Conformément à un effort entrepris depuis plusieurs années par le Musée Ingres, l’œuvre du peintre montalbanais a cette fois été confrontée avec l’art d’Henri Cueco. Après Picasso, les Modernes, Ernest-Pignon, Cueco a visité les dessins d’Ingres où il a découvert une modernité qu’il apprécie plus que les grandes peintures souvent académiques.

L’exposition née de ce travail comprend trois aspects : une rétrospective de l’œuvre de Cueco, un film de 22 minutes où Cueco explique comment il a vu Ingres et le résultat de ses multiples dessins d’après Ingres. Un livre complète la visite où la préface de Florence Viguier-Dutheil et les Carnets de Cueco apporte un éclairage supplémentaire à l’expérience.

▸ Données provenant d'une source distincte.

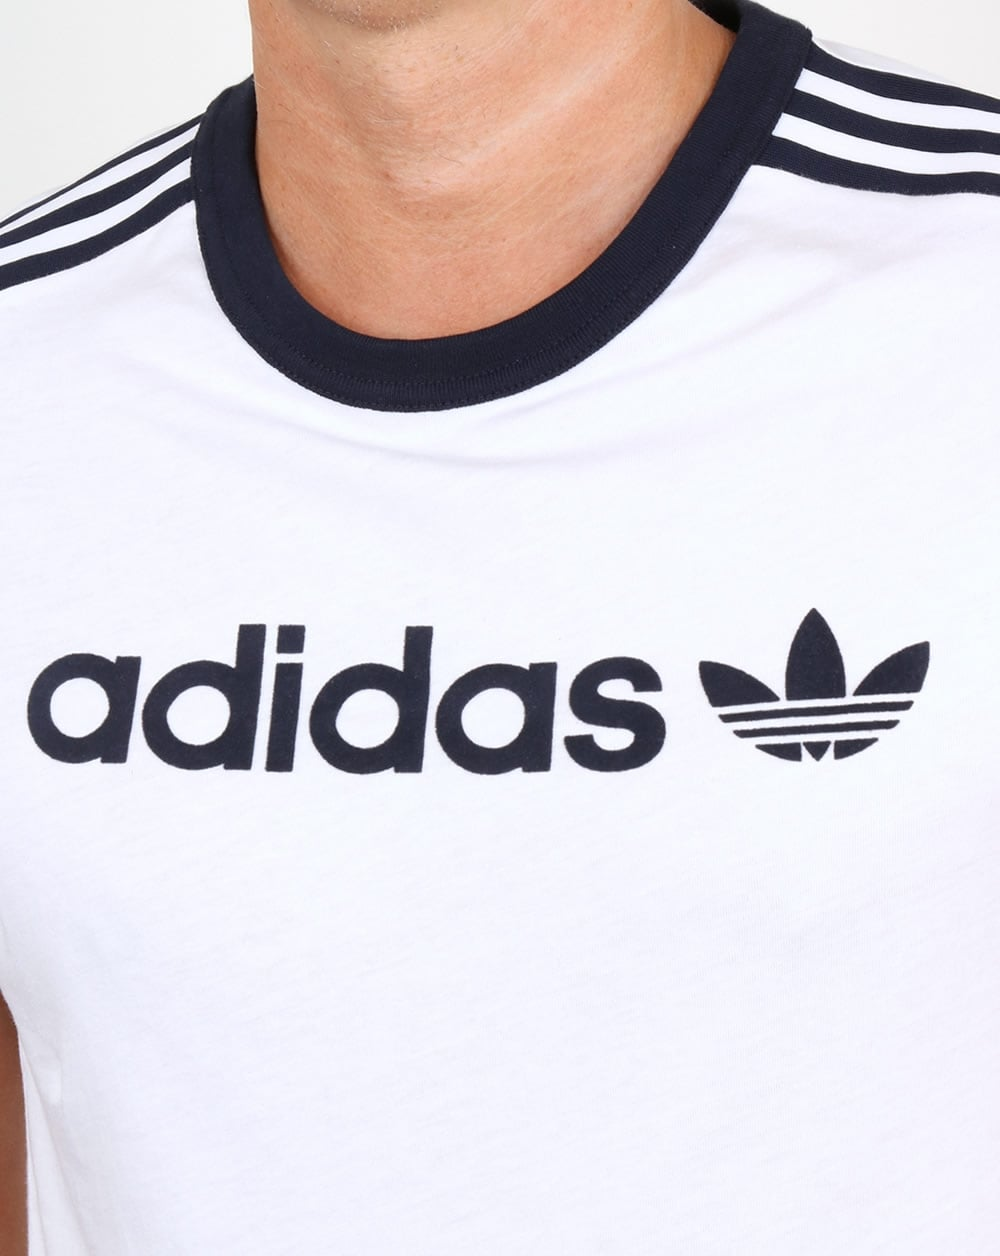 a56c49f0 Adidas Originals Linear T Shirt White,ringer,3 stripes,tee,mens

Autant le dire tout de suite, j’ai été beaucoup plus sensible à la rétrospective (même petite) qu’aux dessins d’après Ingres qui permettent de voir Ingres autrement et de rencontrer Cueco mais qui me paraissent davantage de l’ordre de l’exercice que de l’œuvre.

Nous proposons ici le dessin à partir du célèbre Bain truc où, en y travaillant, Cueco a découvert le point de lumière sur le dos de la musicienne. « Une douce ambiance de lumière, une proximité des chairs produisent une sensation de plaisir qui se veut sans perversité. » indique Cueco. Tout tient peut-être en cette question : comment lier les corps ? Comment lier le tableau qui fait corps ? Comment passer d’une zone à une autre sans le moindre arrêt, sauf aux limites du tableau, et encore ?

Peut-être alors, dans l’art d’Ingres qui n’est pas celui de Cueco, tout fait tableau. Chez Cueco, de la variation à la répétition, tout se fait enchaînement, enchâssement, emboîtement. La construction ne tient pas à l’obsession de la disparition de la ligne comme chez Ingres, mais à l’obsession de figures clairement définies qui s’emboîtent. Et pour montrer comment les mains s’emboîtent, Cueco indique les numéros de leur apparition successive.

Dans la rétrospective nous découvrons un tableau présentant une série de feuilles, de bogues de châtaignes, de branches de rosiers, ronces et églantiers, œuvres qui sont de 2004 et qui vont donc rencontrer en 2007 les mains d’Ingres.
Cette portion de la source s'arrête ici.